Драч снизошёл до разочарованного откровения:
— А больше за душой ничего. Весь мой род казначеями служил в Полку. Редко кто Сирое миновал. А тут быстро карманы выворачивают.
— Ну и сидел бы в миру, делал деньги…
— Сидел бы, — согласился он. — Да ведь комуто и погоду надо делать.
— Какую погоду? Финансовую?
— И финансовую тоже, — многозначительно проговорил Драч. — Раскошеливайся, Ражный. С тобой возиться некогда, бренка всех своих послушников в очередь поставил. За моими услугами.
— Кредитов не выдаю.
— Да ты, брат, правила послушания не знаешь. — Драч встал. — Не выдаю!.. Ну и не выдавай. Вяхирь тоже поначалу не хотел, даже сапогом в меня бросил. А потом сам вывернулся наизнанку. Не упорствуй и не тяни времени. Получу с тебя и уйду.

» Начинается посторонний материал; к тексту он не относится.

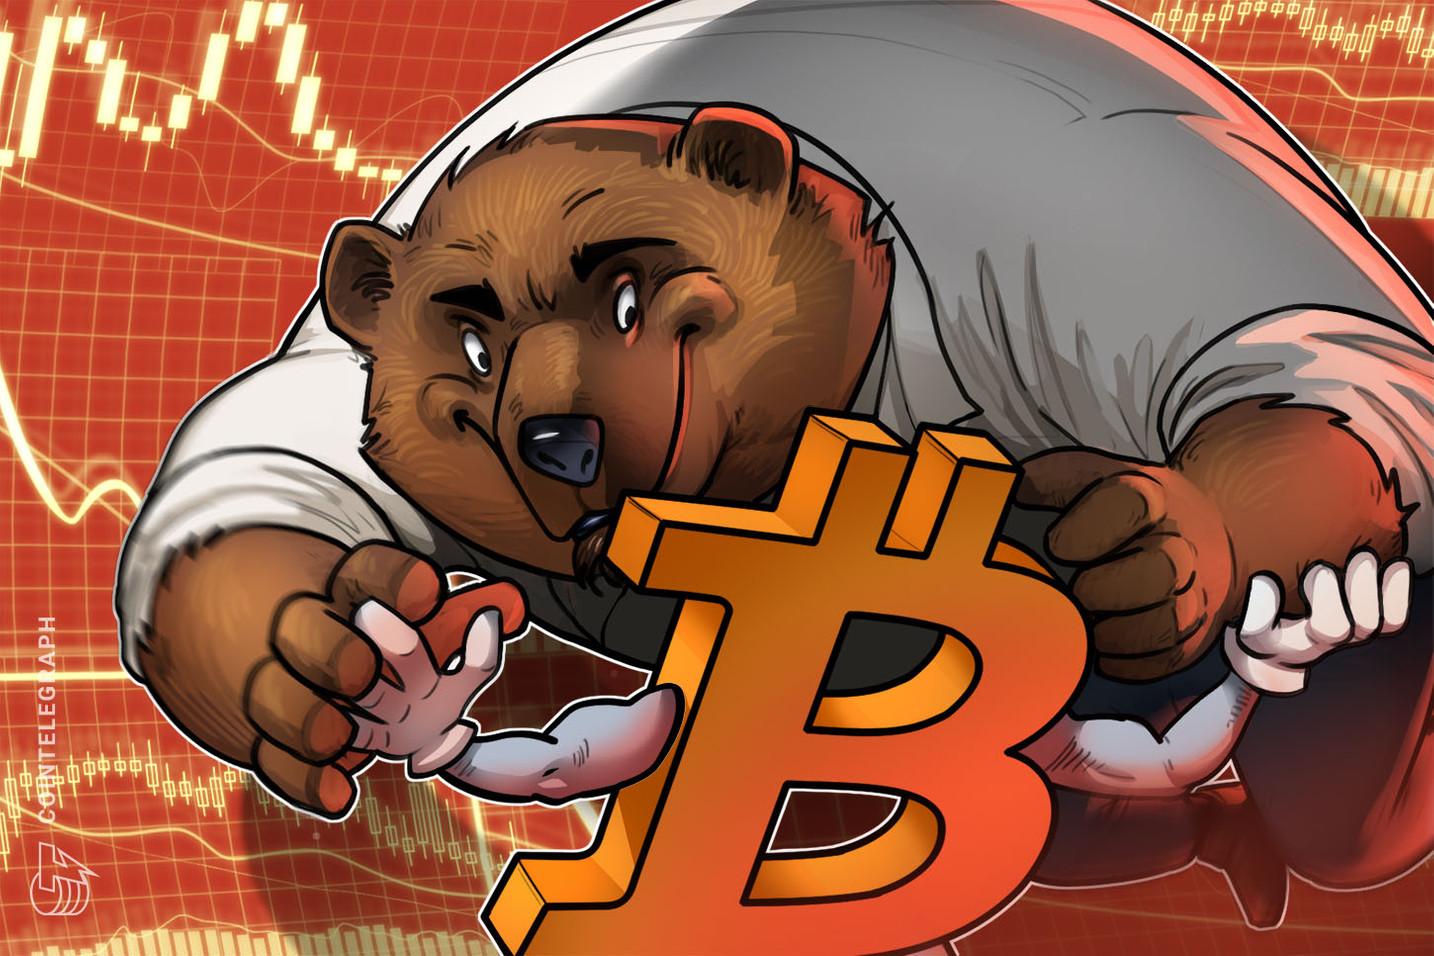 $13K बिटकॉइन की कीमत की भविष्यवाणी बीटीसी के ऐतिहासिक ट्रेंडलाइन से नीचे गिरने के साथ उभरती है emerge

— Предложи взамен что-нибудь равноценное — подумаю.
— Я пришёл брать, а не отдавать.
— Да, банкир он и в Сиром банкир…
— Ладно, объясняю для таких непосвящённых, как ты, — терпеливо и печально улыбнулся Драч. — Тут не твоя вина… Бренка меня послал брататься с тобой. Вот когда пошлёт тебя к кому-то, с него и получишь. Не я придумал устав Сирой обители. Большим жертвуешь, больше и воздаётся. Не нужно ничего давать в рост. Принцип жертвы приносит самый высокий доход.
Эта его покорность обескуражила и одновременно вызвала мрачные чувства:
— Ну, а если я тебя выброшу отсюда?
— Можешь, — мгновенно согласился Драч. — Даже сопротивляться не стану. А то и сам уйду, прямо сейчас. Скажешь, иди, и я тут же исчезну. Говорю же, очередь…
Что-то не верится в твоё смирение…
— И напрасно. Ты подумал, я рвать тебя стану, брат? Выдавливать тайны родовой науки? Да ни за что! Обманули калики… Не хочешь делиться, оставь все при себе. Мне ведь ни к чему ни твой раж, ни волчья хватка. Даже в тягость…
— Да ты ангел во плоти!
— Нет, я далеко не ангел, — его вновь потянуло на откровения. — Своенравный, даже в чем-то коварный и хитрый человек. За три месяца послушания стольких обобрал!.. Причём даром. Со мной обычно делятся по доброй воле. А кто противится, как ты — ухожу… И тогда братья бегут за мной и просят остаться. Вот и сейчас, если уйду, начнёшь уговаривать. И выдашь мне все секреты.
— Понятно. У меня нет выбора?
— Выбор у тебя есть. Ты сейчас стоишь у камня на распутье. А на нем — три варианта.
— И я ни одним не могу воспользоваться?
— Почему? Можешь… Например, не делиться и уйти в мир.
— Это неприемлемо…
— Вот видишь?.. Зато у тебя есть возможность прогнать меня и войти в самую элитную касту Сирого Урочища — встать на ветер. Разумеется, если вече бренок поставит. А оно поставит, коли сильно захотеть. И тогда ты останешься цельным.
— Говорят, холостых араксов не ставят… — Нужна добрая воля.
— Просто добрая воля? И больше ничего не требуется?
— Ну, ещё желание постичь высшую истину Сирого воинства, как это сделал Вяхирь. А такая истина требует великой жертвы.
— Чем же нужно пожертовать?
— Тем, что держит аракса на земле и мешает вставать на Правило в любое мгновение и где угодно, — очень уж туманно объяснил Драч. — В наше время ценится это, а не ваши хватки, захватки… Кому они нынче нужны? Можно лишь друг друга мять да калечить на ристалищах. А много ли повоюешь на бранном поле?.. Вот что тебя держит, например? Почему ты не можешь оторваться и взлететь, как птица? Как все те, кто ныне на ветру стоит? Подняться и метнуть молнию в супостата?